Generally, VCs think negatively about service company -> software product transitions.

I’ve invested in one very successful one (Logikcull), and am a long-time advisor to another super-successful one (Showpad), so it does happen all the time. All the time.

But VCs are somewhat negatively biased.

Why?

  • Tough to “let it go”. Is the services business still making cash? Spinning out is tough. Where do the profits go? Who stays where? Are the founders involved in both? That’s a non-starter.
  • Tough mental transition. Can you change your entire outlook? Can you make less money, for now at least? Can you share equity with employees, VCs, and more?
  • Tough to move from clients to customers. This shouldn’t be so hard, I guess, but it is. Going from $250k “gigs” to a $5k a year product is very … different. Much more different than most expect.
  • Worries about Optionality. A lot of services company set up in-house start-ups as experiments. But they don’t really go 100% all-in, No Matter What. VCs don’t invest in founders that want to preserve optionality. The odds are too stacked against you as it is.
  • Feeling services companies CEOs and founders are “worse” / not as good as software founders. OK this may not be fair. At all. But most VCs think “real”, Unicorn-hunting CEOs and founders aren’t in services businesses. They’re off building the next Uber. So there is “prejudice” here of some sort. No doubt.

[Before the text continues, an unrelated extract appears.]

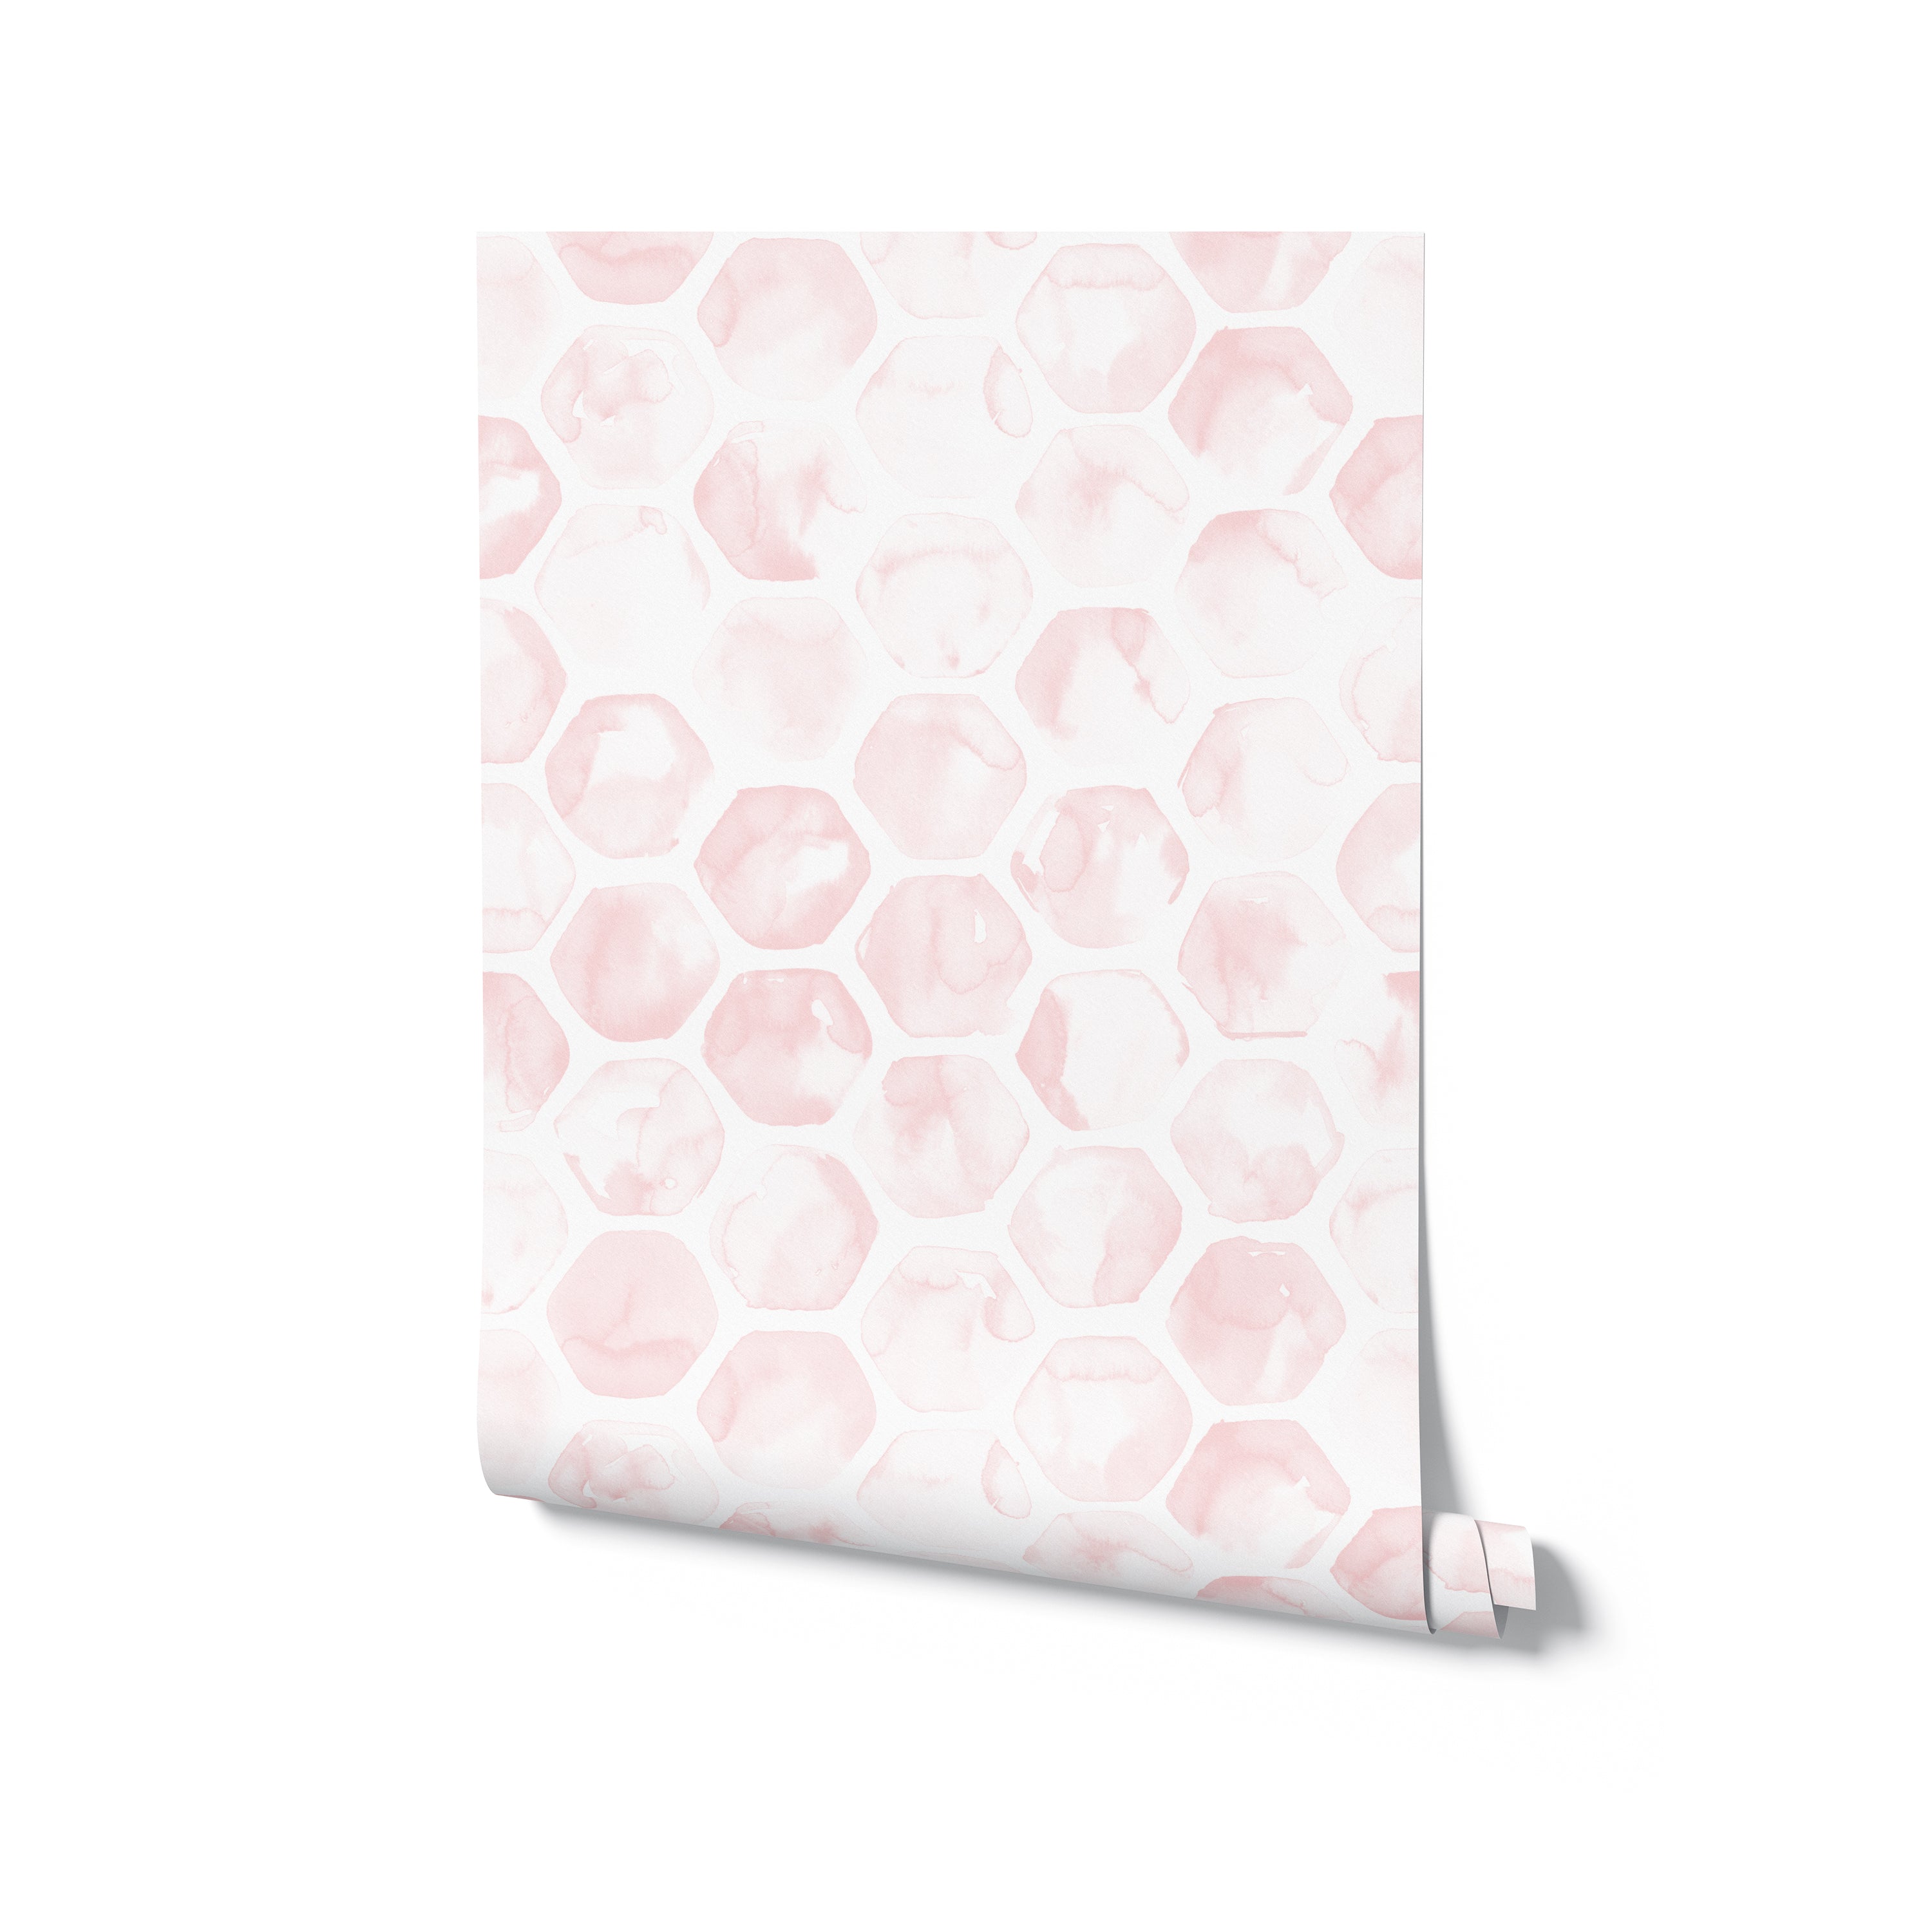 "A roll of Watercolour Honeycomb Wallpaper with the design visible on the partially unrolled end, illustrating the pattern's variation in watercolor intensity and shape irregularity, against a pure white background."

So … if the transition has already happened, it’s papered, the old services business is wound down, or doesn’t have any of the “good” people in it … these negative biases fade.

But they hang around you up to $1m in ARR and beyond. For quite a while.

Bottom line is … done right … this is one great (if tension-filled) way to bootstrap. Just realize there may be some negative pattern-recognition among many VCs until you prove yourself by really cutting the cord 100% between the two businesses.